§ **Requirement**:
Although the listing contains pictures, reproduce only its text, exactly as written.

§ **Data extract**:
◇ ◇ ◇ ◇ ◇ ◇ ◇

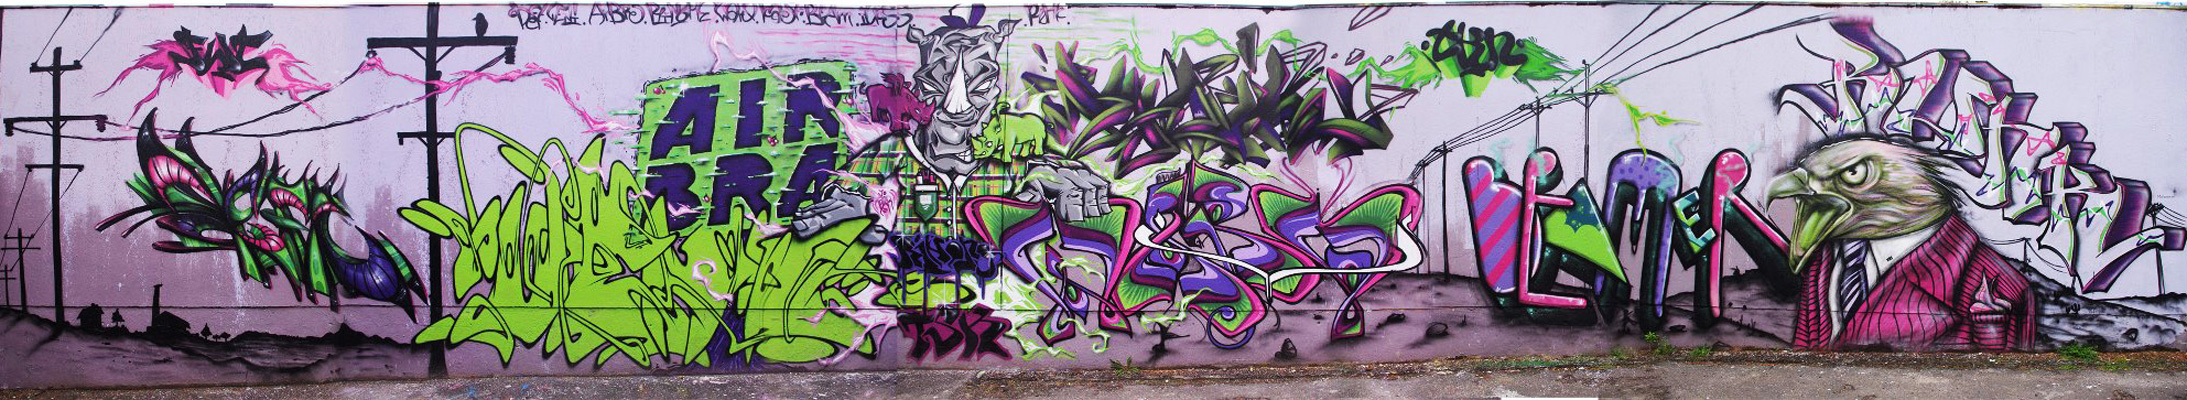 fresque_graffiti_riom_rino_deft_endtoend
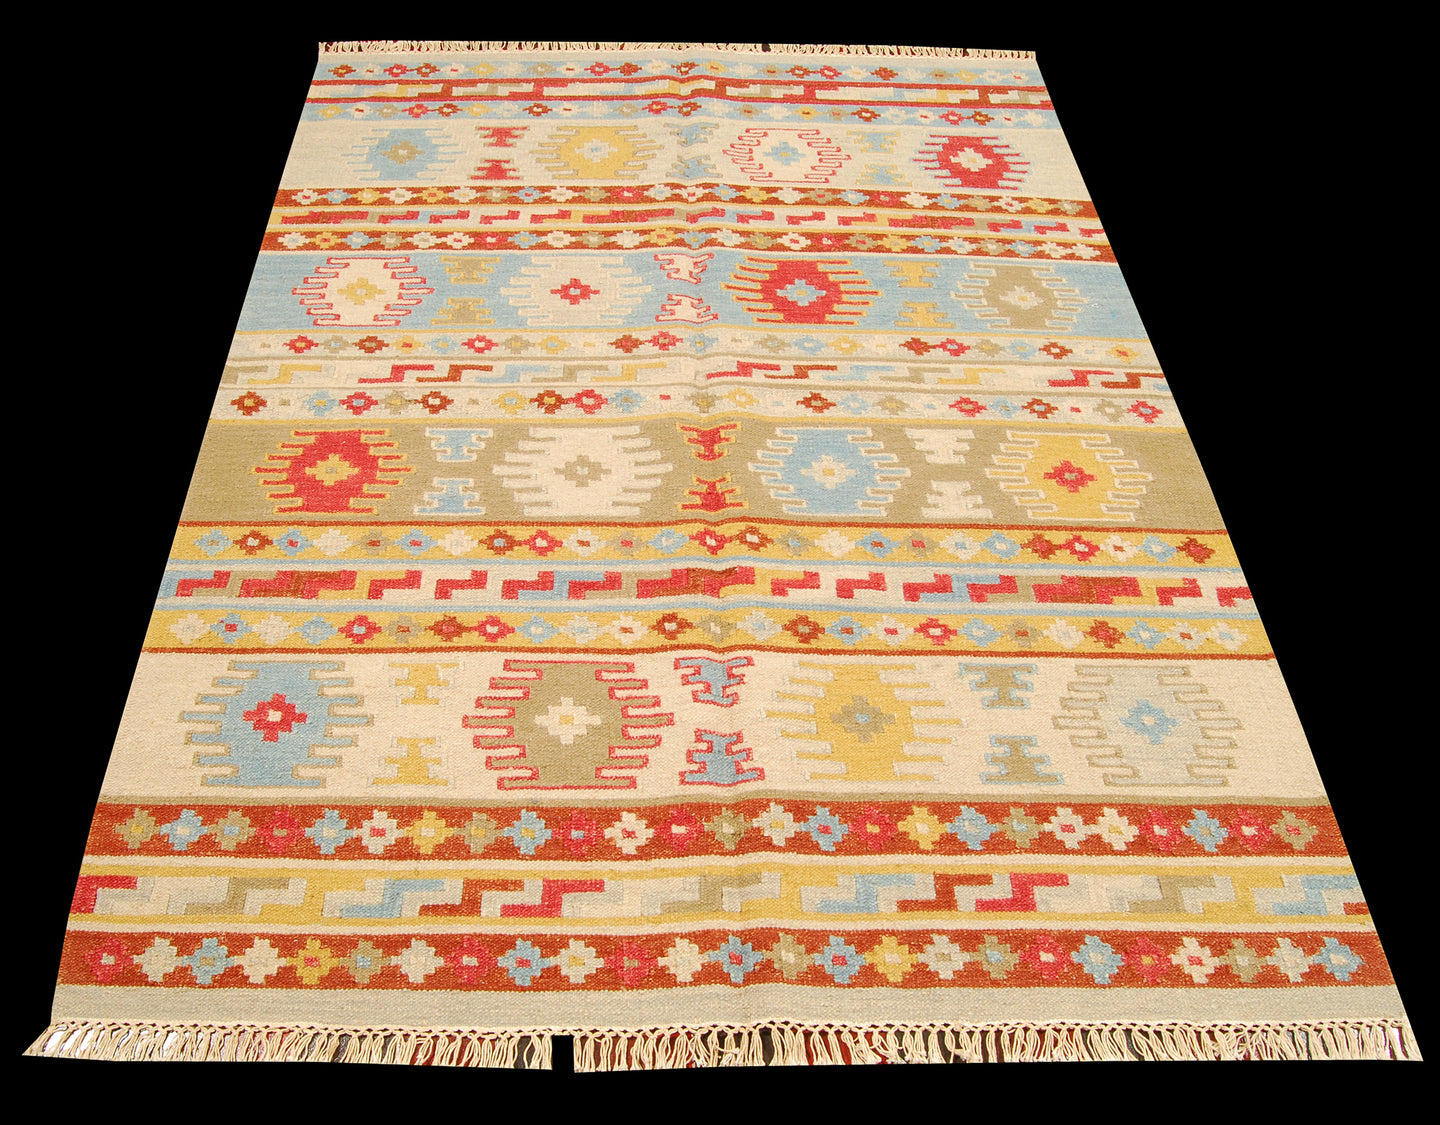 Original Authentic Hand Made Carpet 200x140 CM
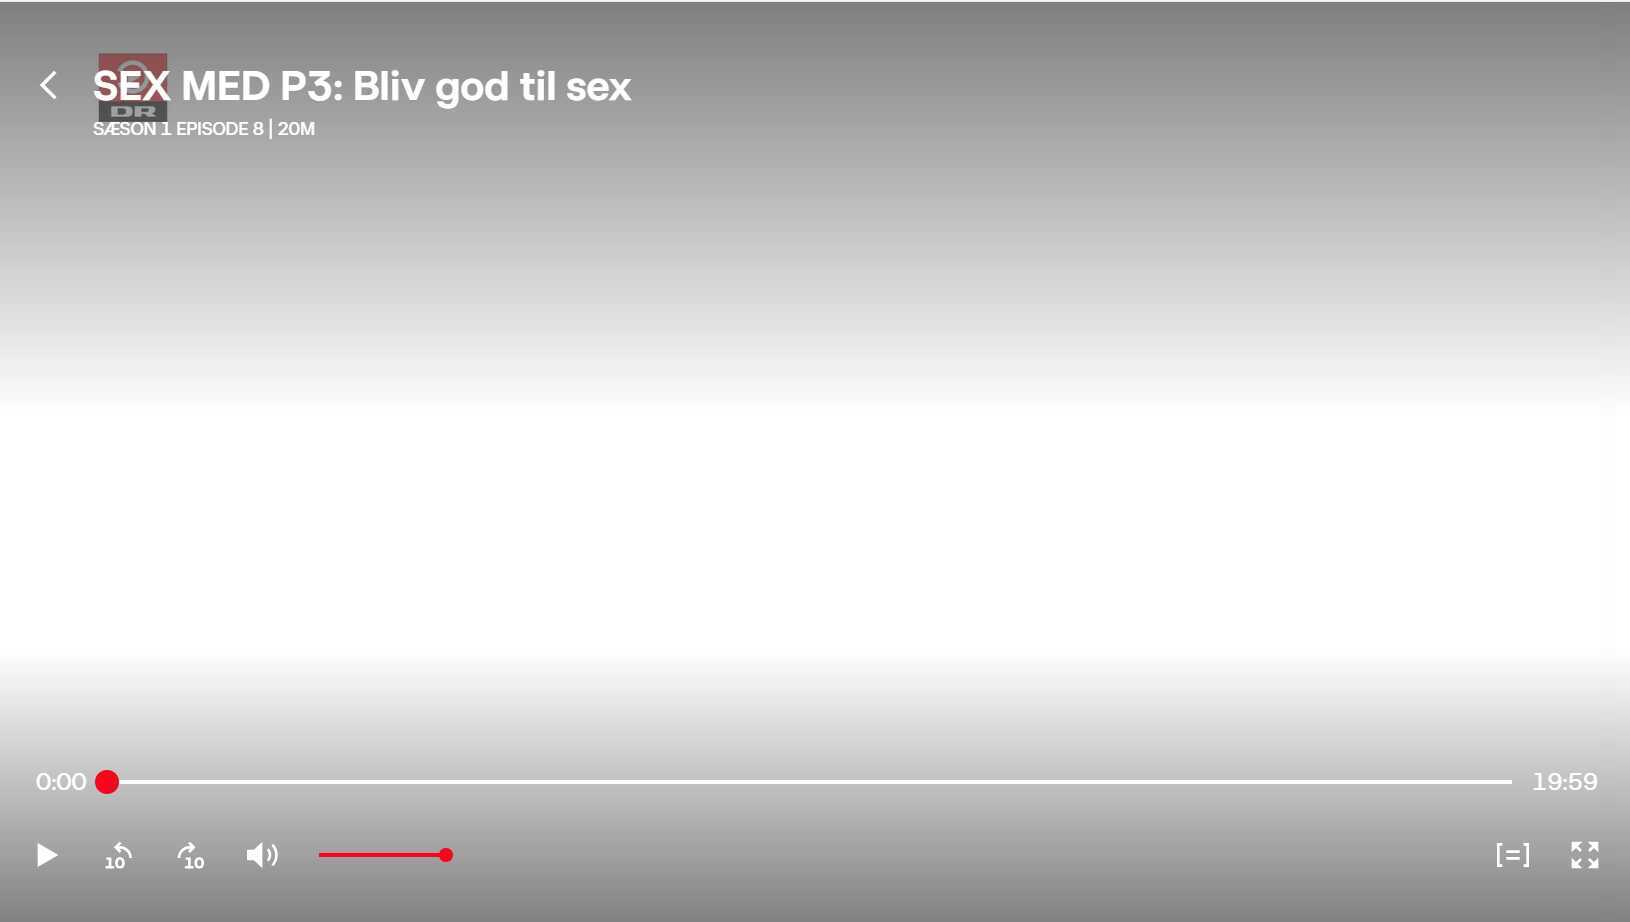 Sex Med P3 S1 E8 Bliv God Til Sex

◇ ◇ ◇ ◇ ◇ ◇ ◇

§ **Finished exercise**:
 fresque_graffiti_riom_rino_deft_endtoend
 Original Authentic Hand Made Carpet 200x140 CM
 Sex Med P3 S1 E8 Bliv God Til Sex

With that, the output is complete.